85 F. Supp. 3d 1115
N.D. Cal.2015Background
- Plaintiff, a long-term SHU inmate and validated Mexican Mafia member, sued PBSP IGI/ISU officers under 42 U.S.C. § 1983 and state law for alleged retaliation, conspiracy, and related misuses of mail, disciplinary proceedings, property seizure, and a cell search that allegedly interfered with his litigation.
- Key disputed incidents span 2007–2012 and include multiple stopped or delayed incoming/outgoing letters, withholding of prisoner declarations, issuance/approval of an RVR for "promoting gang activity," a cell search on Dec. 16, 2011 that resulted in confiscation and delayed return of legal papers, and failure to notify plaintiff of a court-ordered trust seizure.
- Defendants moved for summary judgment, arguing in relevant part nonexhaustion, statute-of-limitations, lack of evidence of retaliatory motive, legitimate penological reasons for actions, and qualified immunity. Plaintiff opposed and later had counsel appointed for settlement/trial-stage representation.
- The court viewed facts in plaintiff’s favor for summary-judgment purposes, granted summary judgment for defendants on most mail-related and similar retaliation claims for lack of non-speculative evidence of retaliatory motive or because of exhaustion/timeliness failures.
- The court denied summary judgment on claims arising from (1) the Dec. 16, 2011 cell search/confiscation/retention of legal materials (retaliation, conspiracy, supervisory liability as to Frisk), and (2) issuance/approval of the RVR (retaliation and related supervisory/conspiracy issues as to D. Barneburg and Short), finding genuine disputes of material fact and that qualified immunity did not bar these claims.

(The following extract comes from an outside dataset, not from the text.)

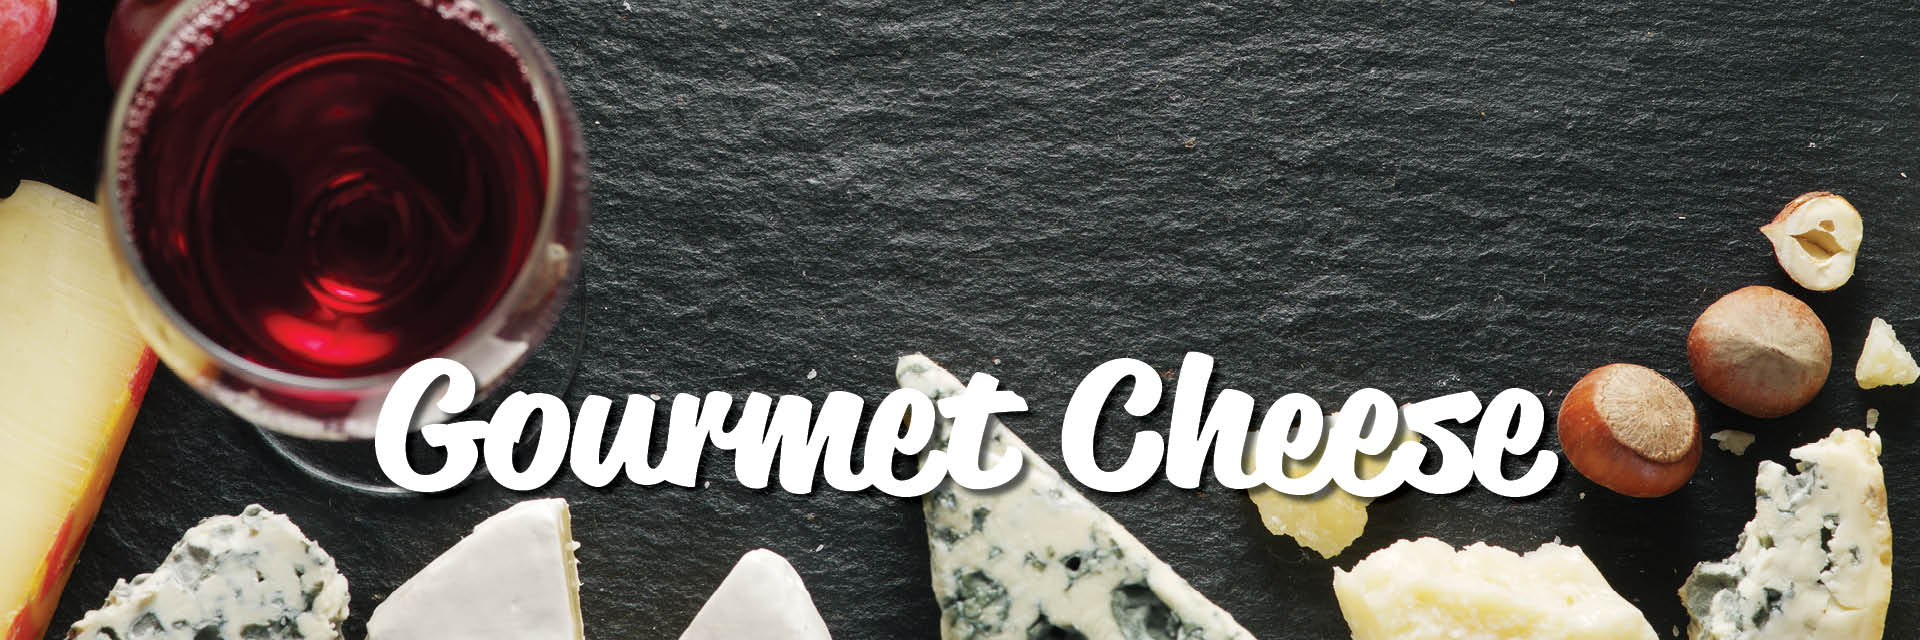 Gourmet Cheese at West Seattle Thriftway

- State-law tort claims accruing before Nov. 9, 2009 were dismissed as untimely under the CTCA; remaining state claims surviving summary judgment proceed. The case was referred to magistrate for settlement and administratively stayed.
Issues
| Issue | Plaintiff's Argument | Defendant's Argument | Held |
|---|---|---|---|
| Exhaustion of specific mail claims (Feb 20/Sept 20/Nov 2007) | Plaintiff conceded or did not exhaust grievances for those incidents | No administrative record of grievances; nonexhaustion bars suit | Claims for those three incidents dismissed for failure to exhaust |
| Statute of limitations/timeliness for pre-2007 events | Plaintiff voluntarily dismissed some older claims; others he contended were timely or not intended as claims | Events before 2007 barred by limitations / CTCA deadlines for state claims | Claims arising before 2007 dismissed without prejudice; state-law claims accruing before Nov 9, 2009 dismissed as untimely under CTCA |
| First Amendment retaliation (multiple mail stops/delays, withholding declarations, most RVRs and confiscations) | Stops/delays and other acts were motivated by retaliation for filing Quiroz I, grievances, declarations, and staff complaints | Actions were based on legitimate penological reasons (third‑party/drop‑box mail rules, gang‑related content, contraband rules); lack of evidence defendants knew of protected conduct; timing and speculation insufficient | Summary judgment granted for defendants on nearly all mail‑related/delay/withholding claims for lack of non‑speculative causal evidence or legitimate penological justification; but denied as to (a) RVR issuance/approval by D. Barneburg (genuine issue of pretext/motive) and (b) cell search/confiscation/retention (Dec 16, 2011) (genuine issue of retaliatory motive and harm/chill) |
| Conspiracy and supervisory liability | Plaintiff alleges coordinated plan among IGI/ISU officers and supervisors to retaliate and obstruct litigation | Defendants: no underlying constitutional violation for many acts; no specific facts showing agreement or supervisors’ deliberate indifference | Conspiracy claims dismissed where no underlying constitutional violation; conspiracy and supervisory claims survive as to (1) cell search/confiscation/retention (Frisk and participating officers) and (2) RVR approval/discipline (Short and D. Barneburg) because material fact disputes permit inference of agreement/supervisory involvement |
Key Cases Cited
- Anderson v. Liberty Lobby, 477 U.S. 242 (1986) (summary judgment standard; "genuine issue" and materiality)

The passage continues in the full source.